A hydrogen-based sustainable economy depends on technology to generate molecular hydrogen using sustainable solar or wind energy. Catalytic chemistry already enables this by using water as feedstock and platinum and iridium as active materials. However, because such elements are scarce and expensive this technology cannot be applied at the required global scale.
Looking at nature
To overcome this hurdle, chemists have started looking toward nature where so-called iron-iron hydrogenase enzymes catalyse the conversion (reduction) of protons to molecular hydrogen with a performance comparable to platinum. It is a major challenge to apply these enzymes directly in hydrogen-producing devices since their isolation is difficult and their performance in air poor. Nevertheless, their high efficiency has spurred the search for comparable iron-based molecular complexes that also can produce hydrogen with a platinum-like performance.
Over the last decade, numerous synthetic complexes have been prepared that structurally and functionally mimic the active site of hydrogenase enzymes. Most of these 'synthetic hydrogenases' show serious drawbacks such as a low efficiency and stability and the requirement of organic solvents. Hydrogenase-mimics that perform efficiently in an aqueous environment while being tolerant to air have until now not been reported.

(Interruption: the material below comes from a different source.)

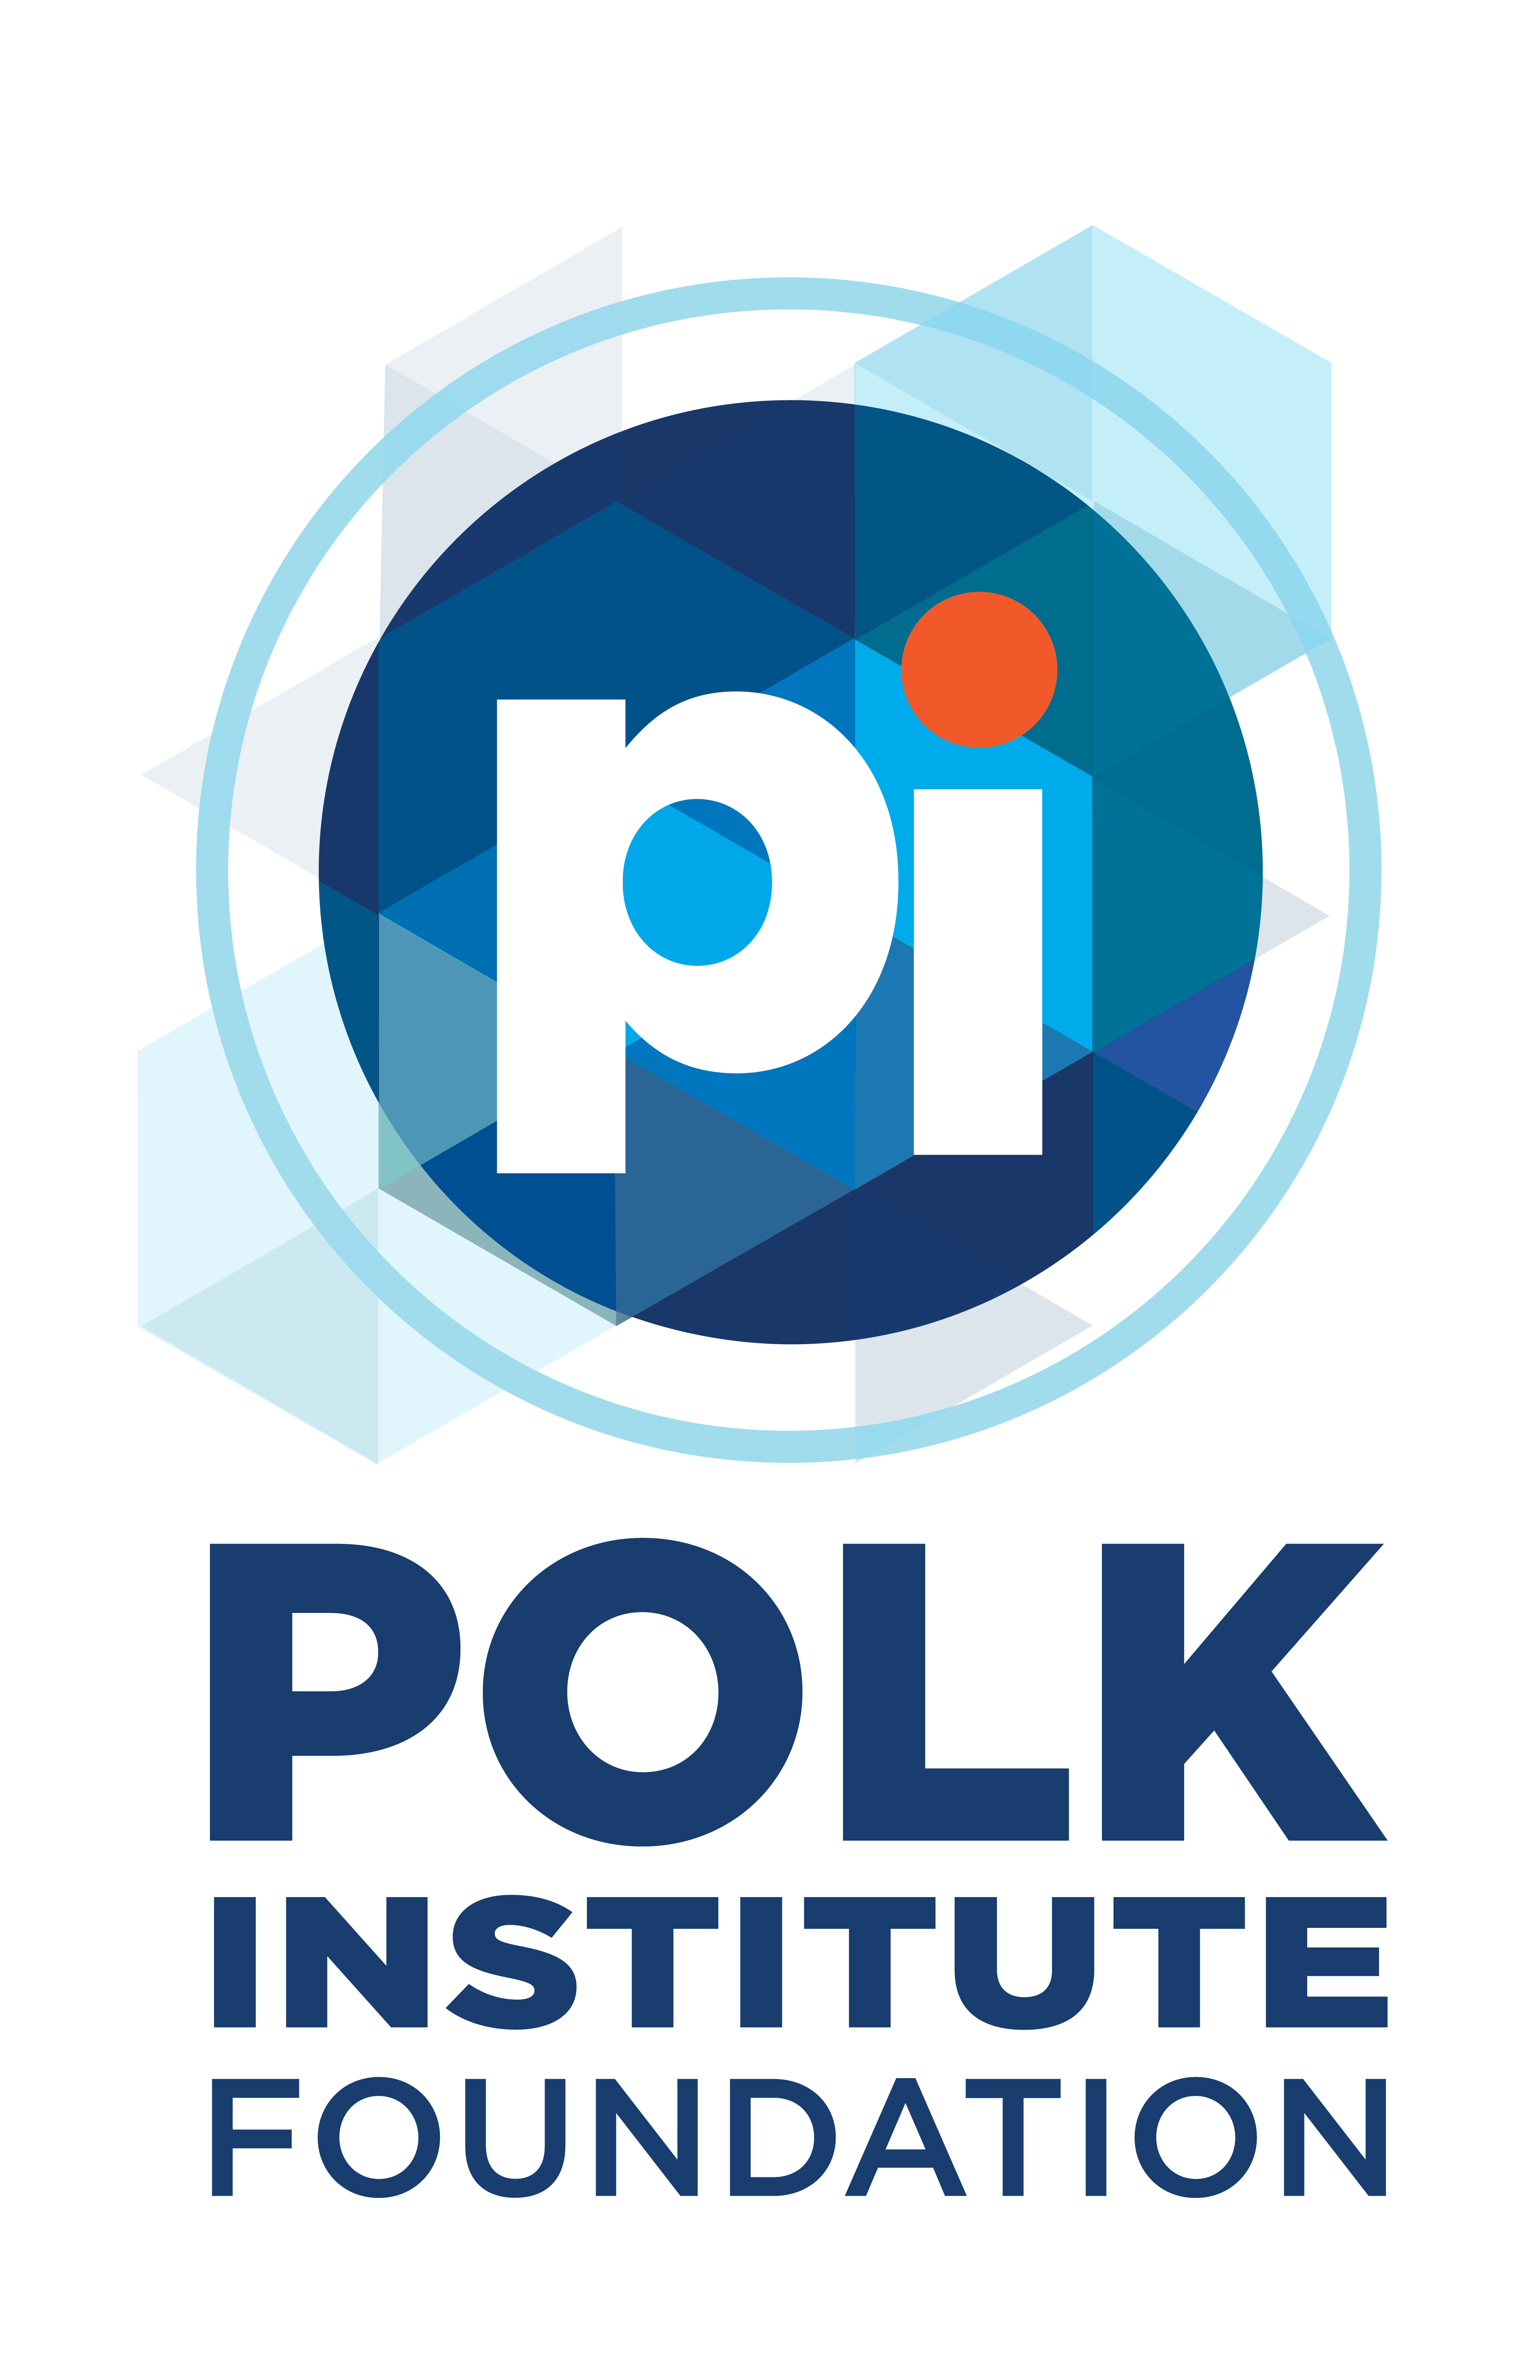 POLK Institute Foundation-01.png

In the current edition of Science Advances, the researchers offer a possible solution by presenting a new oxygen-tolerant iron-iron hydrogenase-mimic that not only achieves efficient proton reduction in aqueous media but also displays electron storage and pre-organisation in close proximity to the active site - a feature characteristic of working natural enzymes.

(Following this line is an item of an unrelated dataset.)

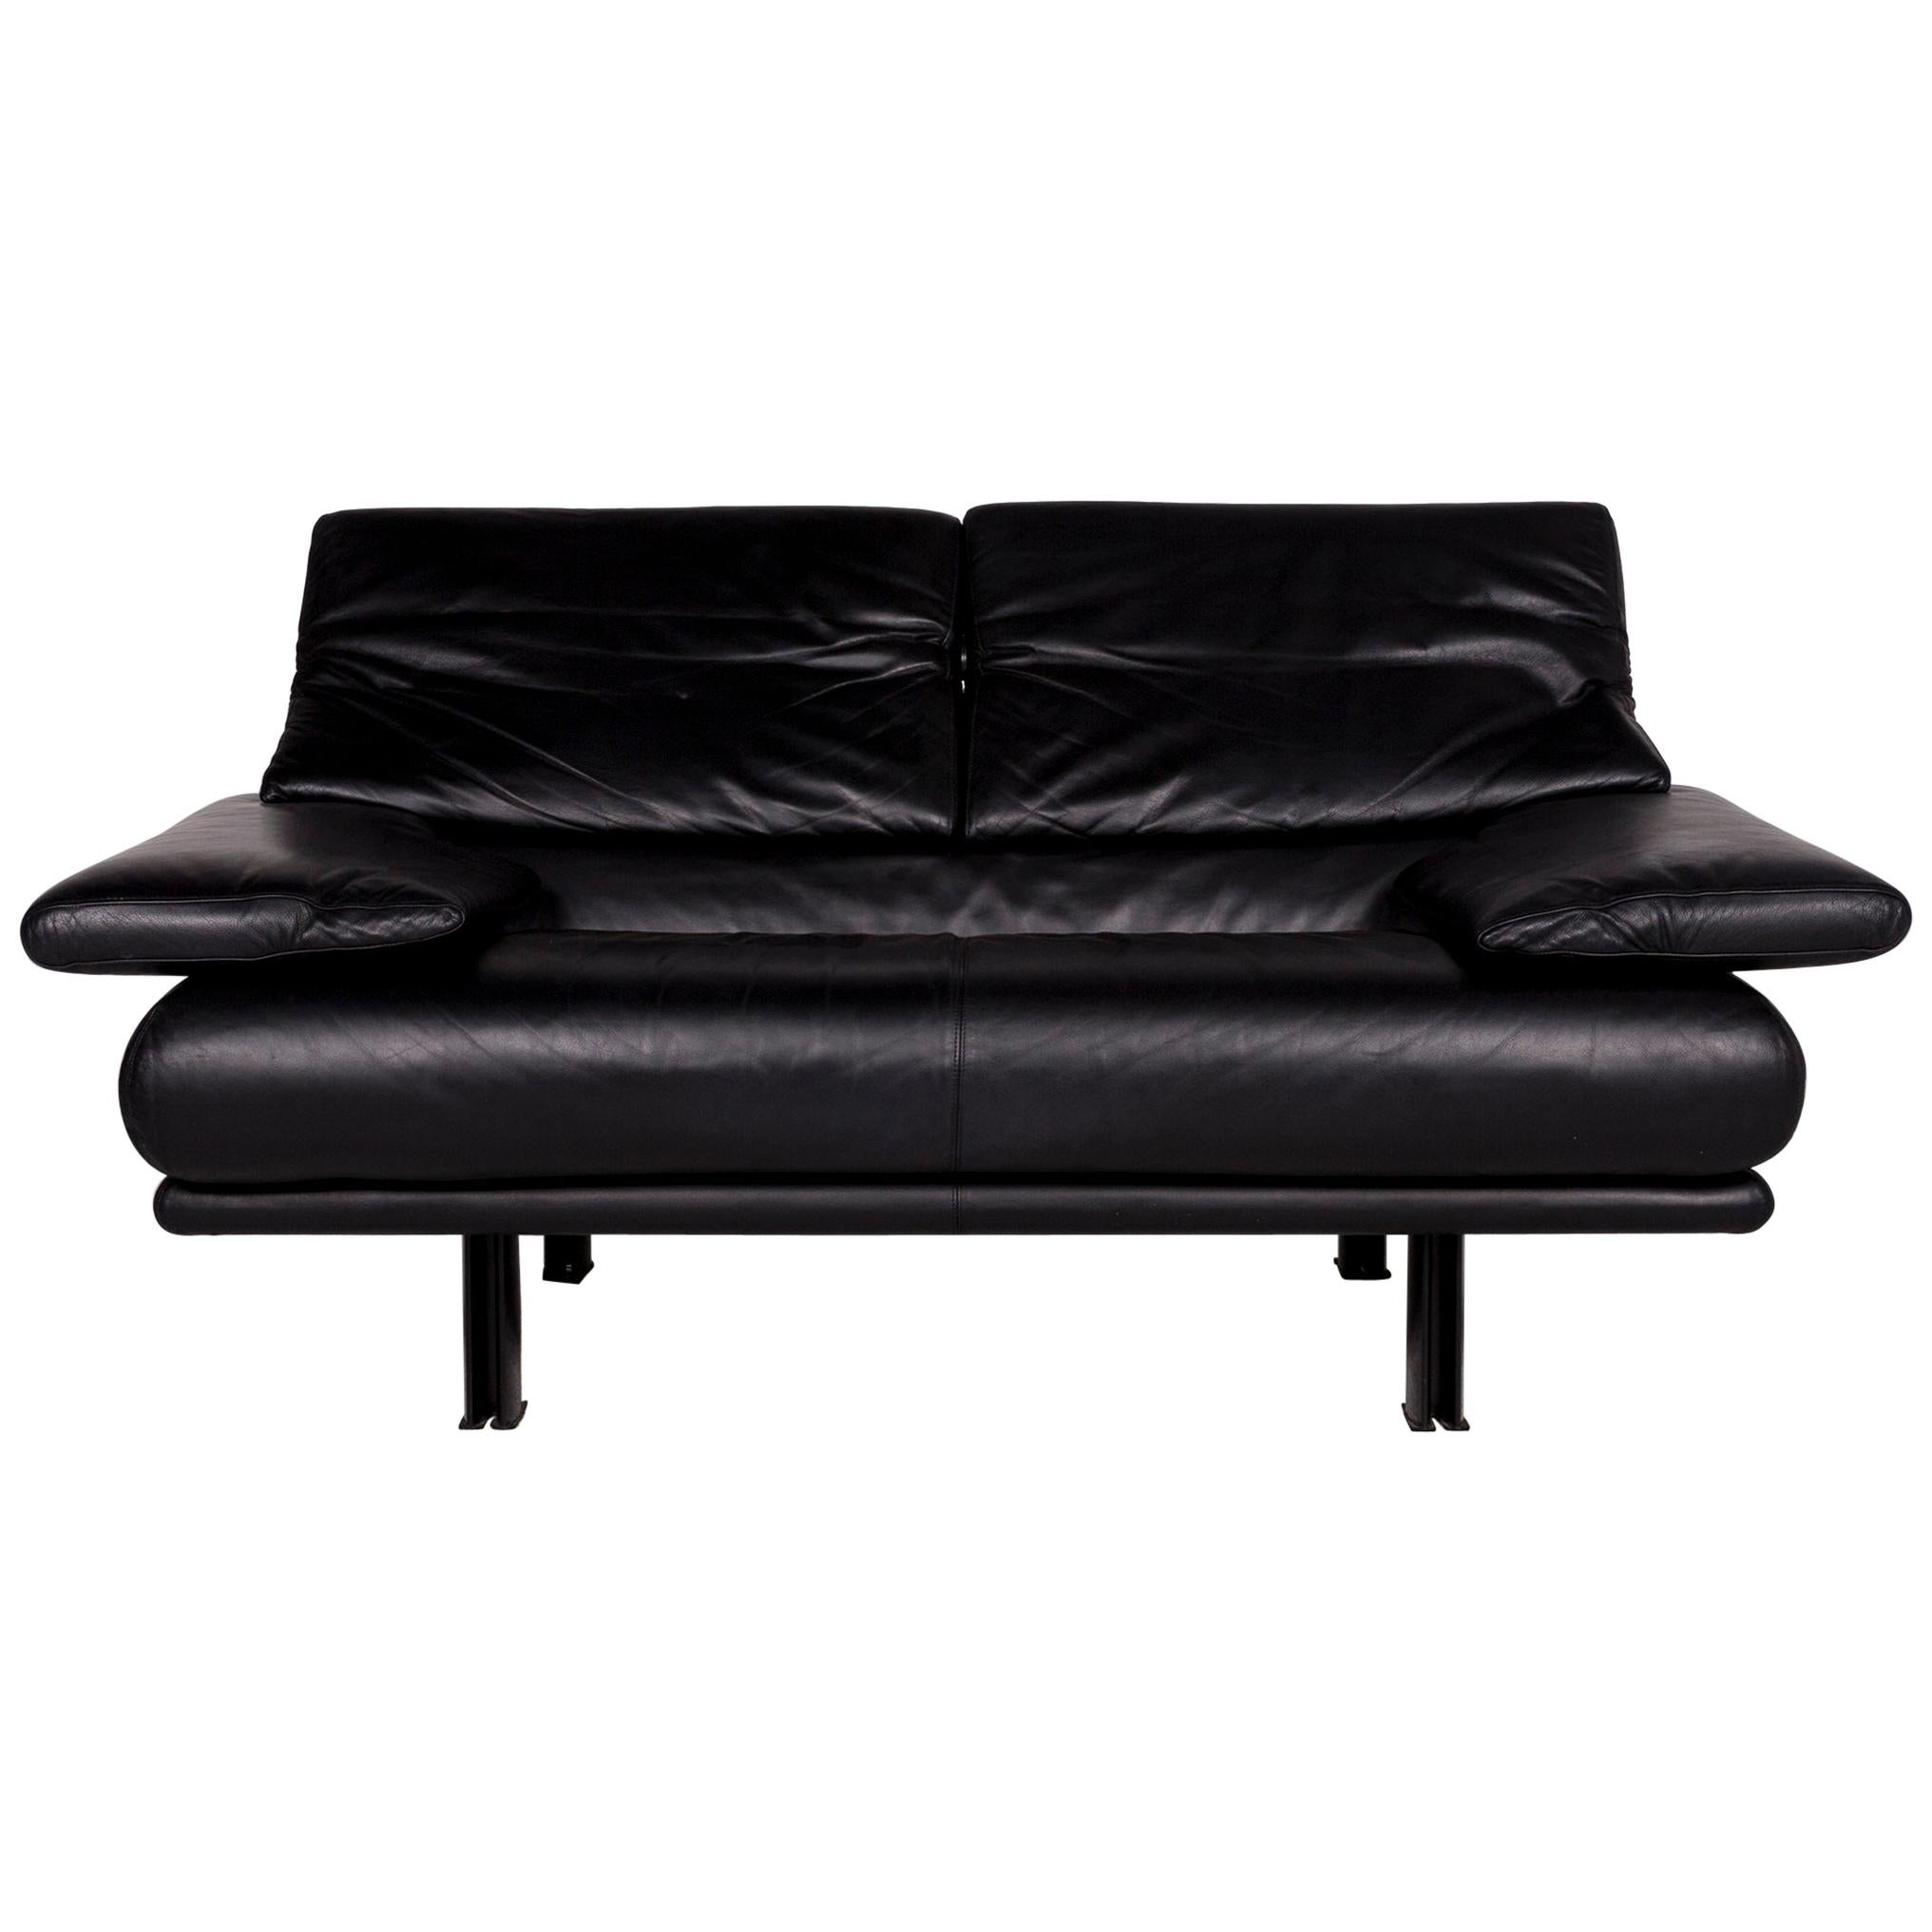 B & B Italia Alanda Leather Sofa Black Two-Seat Function Paolo Piva Couch

The Amsterdam-designed synthetic hydrogenase contains a redox-active phosphorous ligand that acts as an electron reservoir and actively partakes in the reduction of protons. It donates an electron to the active site during the catalytic cycle when needed. As a result, the catalyst displays high turnover numbers (TON) and turnover frequencies (TOF).

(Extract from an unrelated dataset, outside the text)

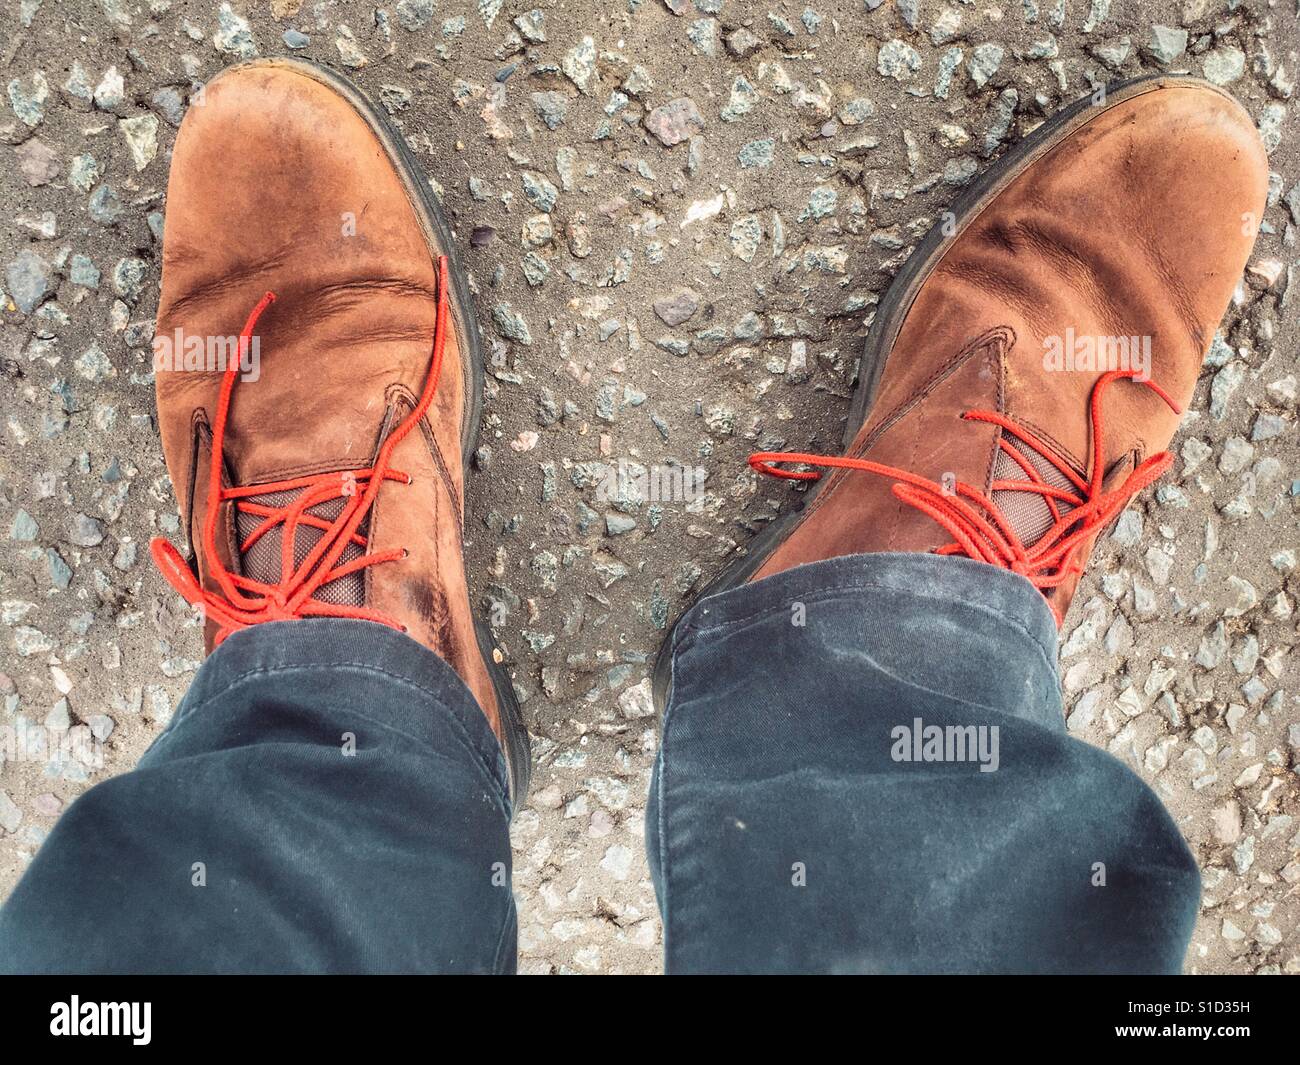 Timberland bradstreet chukka boots hi-res stock photography and images -  Alamy

Combining this high performance with the operation in aqueous media and the tolerance towards oxygen, this new hydrogenase-mimic is a major step toward the development of catalysts for inexpensive large-scale hydrogen-producing devices. Further development will be directed toward analogs that operate at lower overpotentials and can be efficiently implemented in devices (for example, by anchoring to electrodes or metal-organic frameworks).